Vin Scully to return to Dodgers booth in 2013
LOS ANGELES (AP) -- Vin Scully, one of baseball's most beloved broadcasters, is sticking around for another year with the Los Angeles Dodgers.
The 84-year-old Hall of Famer will return for a record 64th season in 2013. He began his professional baseball broadcasting career in 1950 with the Brooklyn Dodgers, and has called three perfect games, 25 no-hitters, 25 World Series and 12 All-Star games.
Scully said he is feeling energized after the Guggenheim Baseball Management group bought the team from Frank McCourt this spring for $2 billion.
"I was so impressed by the new ownership," Scully said Sunday morning in the Dodger Stadium press box. "I was here for the press conference, and I heard some big talk. I wondered whether they would actually do what they said they would do. How fast will they move? How high will they try to take the team? Well, they have done it 10 times over. And what they've done is revitalized the city, revitalized the team, the fans -- and myself."
General manager Ned Colletti has acquired nine new players since the week before the July 31 trading deadline. The biggest trade was completed on Saturday, with Adrian Gonzalez, Josh Beckett, Carl Crawford and Nick Punto coming over from the Boston Red Sox in a nine-player megadeal in which the club inherited $275 million in contracts.
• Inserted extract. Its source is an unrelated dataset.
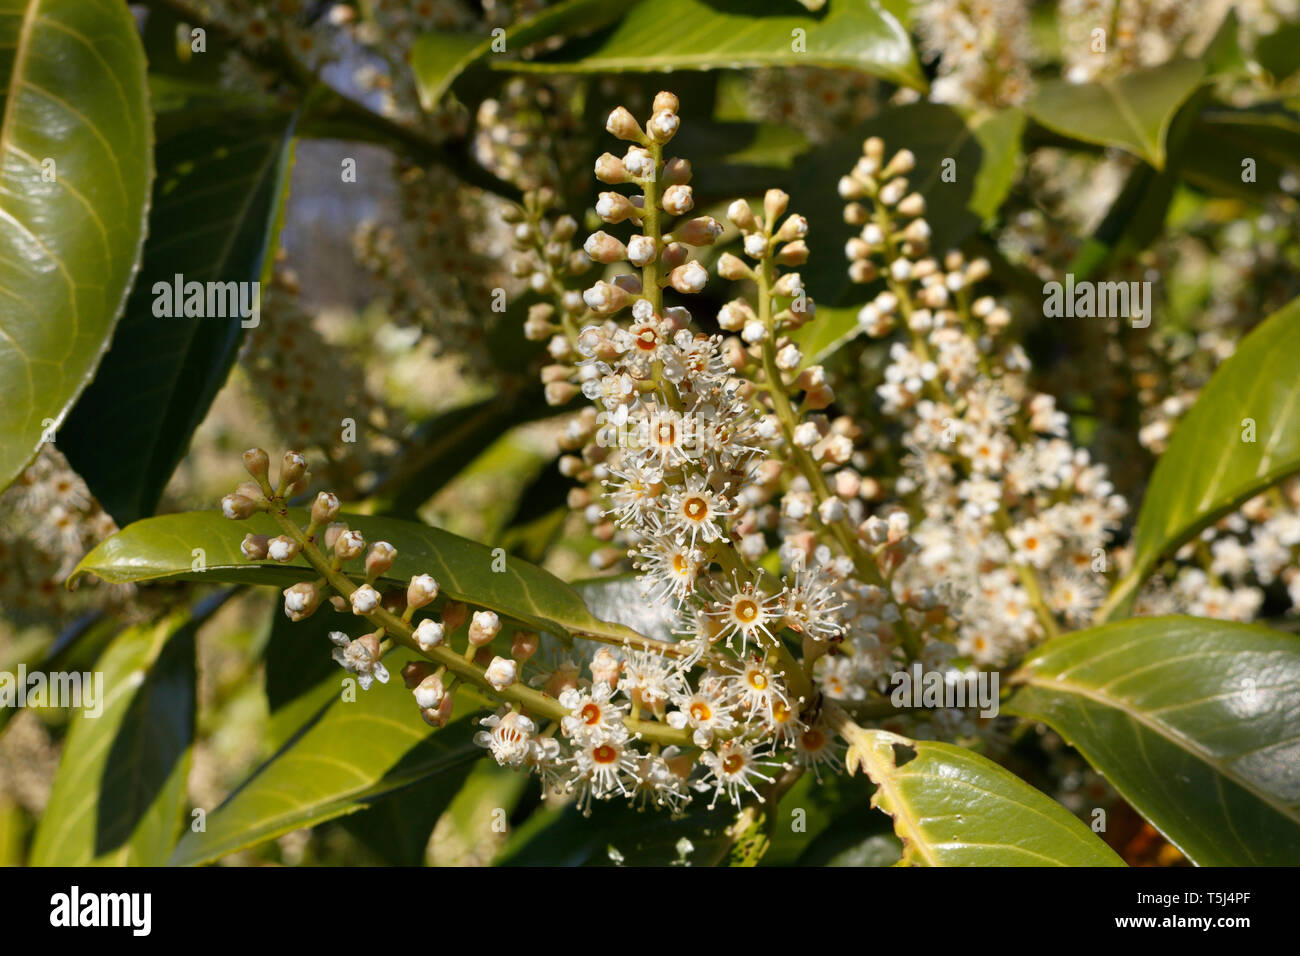 Flowers of the Evergreen Portugese Laurel tree - Prunus Lusitanica Portugal laurel Stock Photo

"They want to win, and they want to win now. So I'd like to hold on with both hands and see just how far they'll take this ballclub -- because I really think they're going to take it as high as it can possible go," Scully said. "And with all the optimism, it would be pretty hard to walk away from that."
The Dodgers haven't won a World Series title since 1988, but that isn't the primary reason Scully's coming back.
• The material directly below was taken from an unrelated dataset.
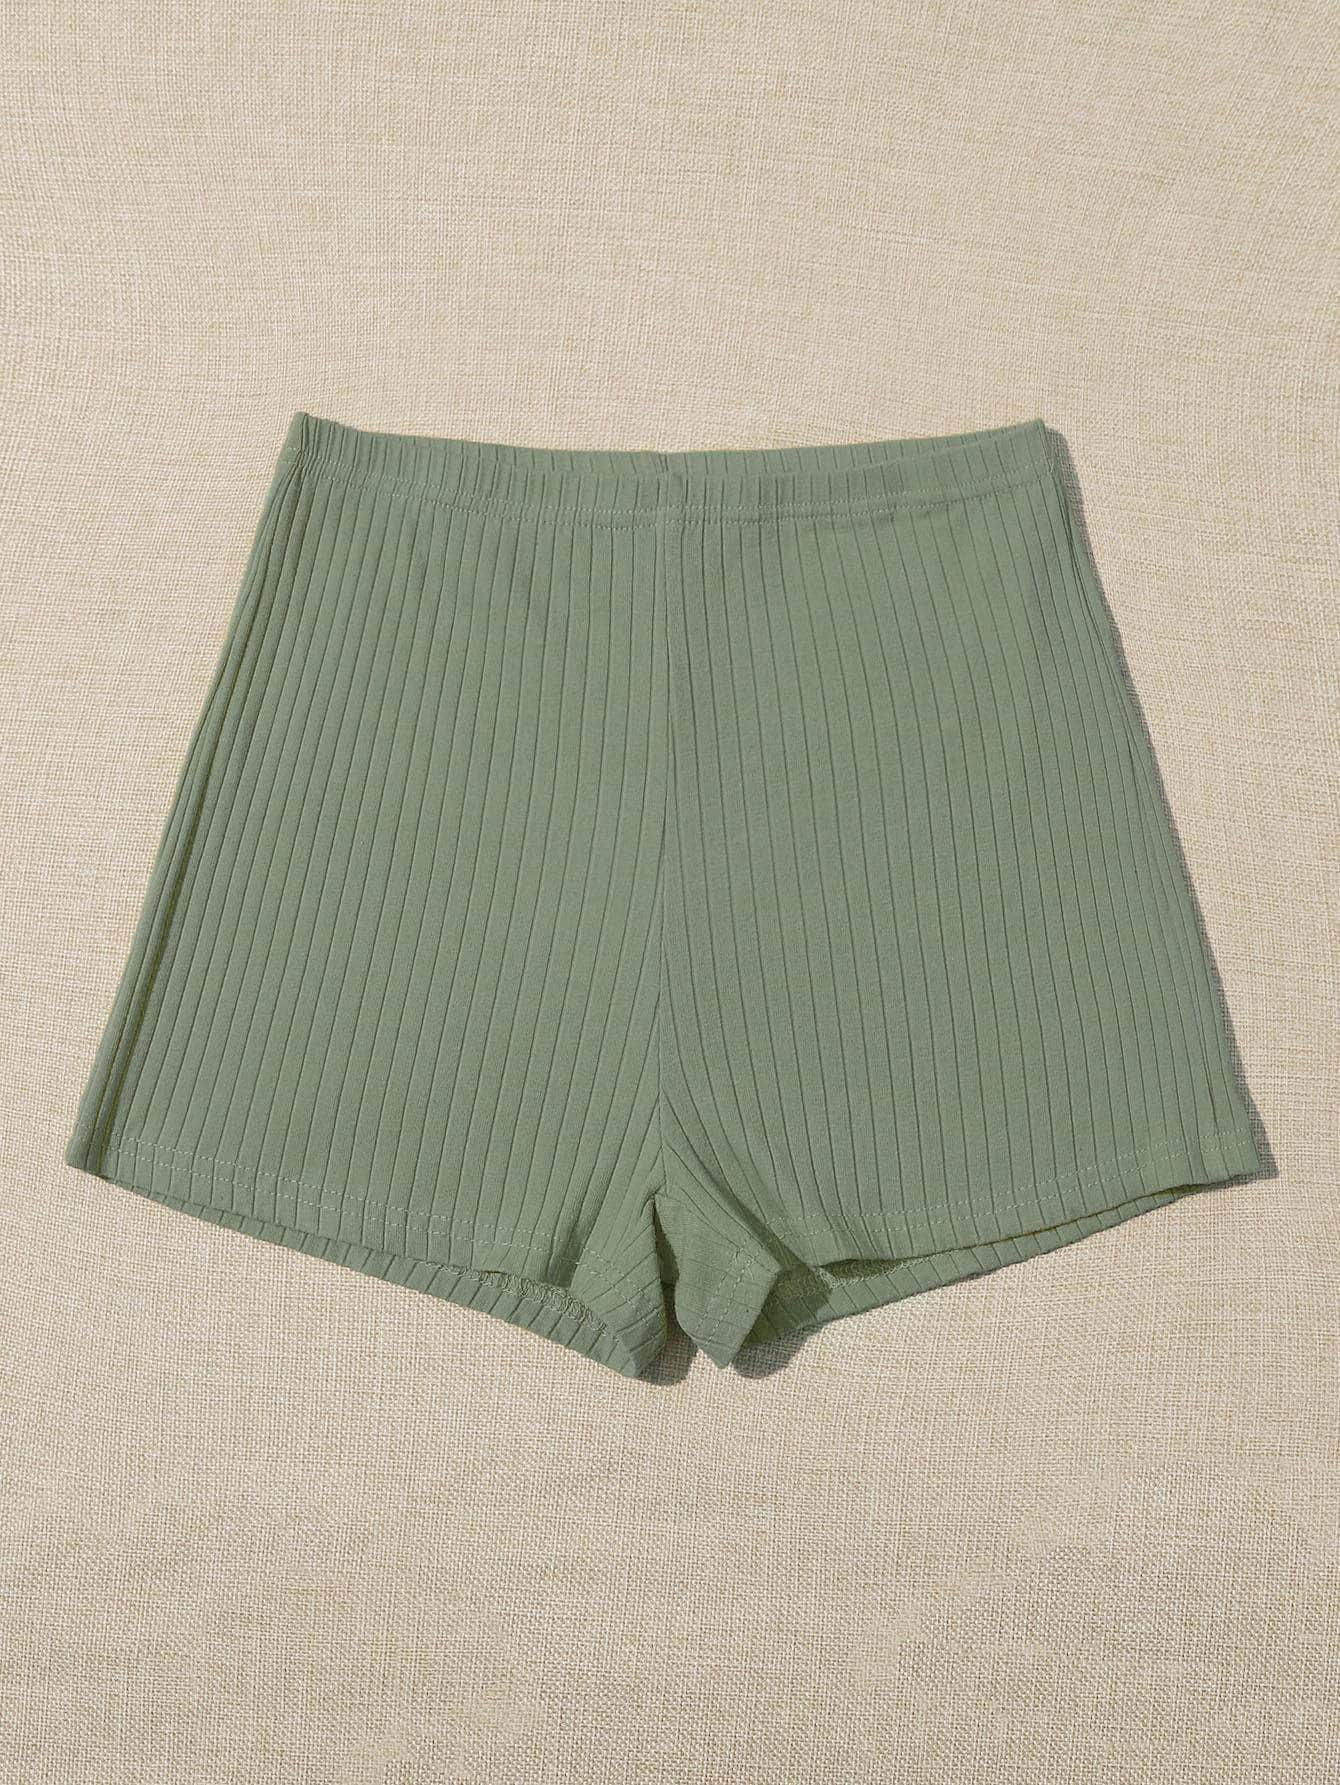 Verde militar / L SHEIN Shorts tejido de canalé de cintura elástica

"I don't really measure how long I want to stay by the success of the team. I really think it's inside," Scully said. "It has nothing to do with the team. It's the love affair. That's part of the way I feel about baseball."
It might be hard to imagine, considering how long Scully has been the voice of the Dodgers' franchise, but there was a time when he nearly left the team's broadcast booth.
"Personally, there were a couple of times that I really don't care to think about," he said. "But one time, we had been out here only about four years, and I got a call from a friend of mine in the advertising business who said: `Did you ever think about coming back and doing the Yankee games?'
"The great Mel Allen was having some troubles, and they were wondering what would happen if Mel couldn't continue, and they thought about bringing `the kid' back to New York. I thought about it for maybe 72 hours, but I realized that I was so in love with the O'Malley family that there was no way I was going to walk away. That was probably the closest I came to even giving it a thought."
Scully will continue to call all Dodgers home and road games in California and Arizona. But there is one other scheduled road series next season that he doesn't want to miss.
"There is a temptation -- and if my wife Sandy promises to go with me -- I really would like to see Yankee Stadium and the Dodgers play the Yankees," Scully said. "That's scheduled for two games next year, so that really gets my imagination stirring. First of all, I've never seen the new Yankee Stadium. I can remember my first World Series there in 1953, so a lot of things will come back when and if I go to New York."
The Dodgers say Scully's tenure is the longest of any broadcaster with any team. He calls all nine innings of the team's TV broadcasts, while the first three innings of each of his games are simulcast on radio. Dodgers chairman and owner Mark Walter says Scully's return for another season "means a great deal to all of us."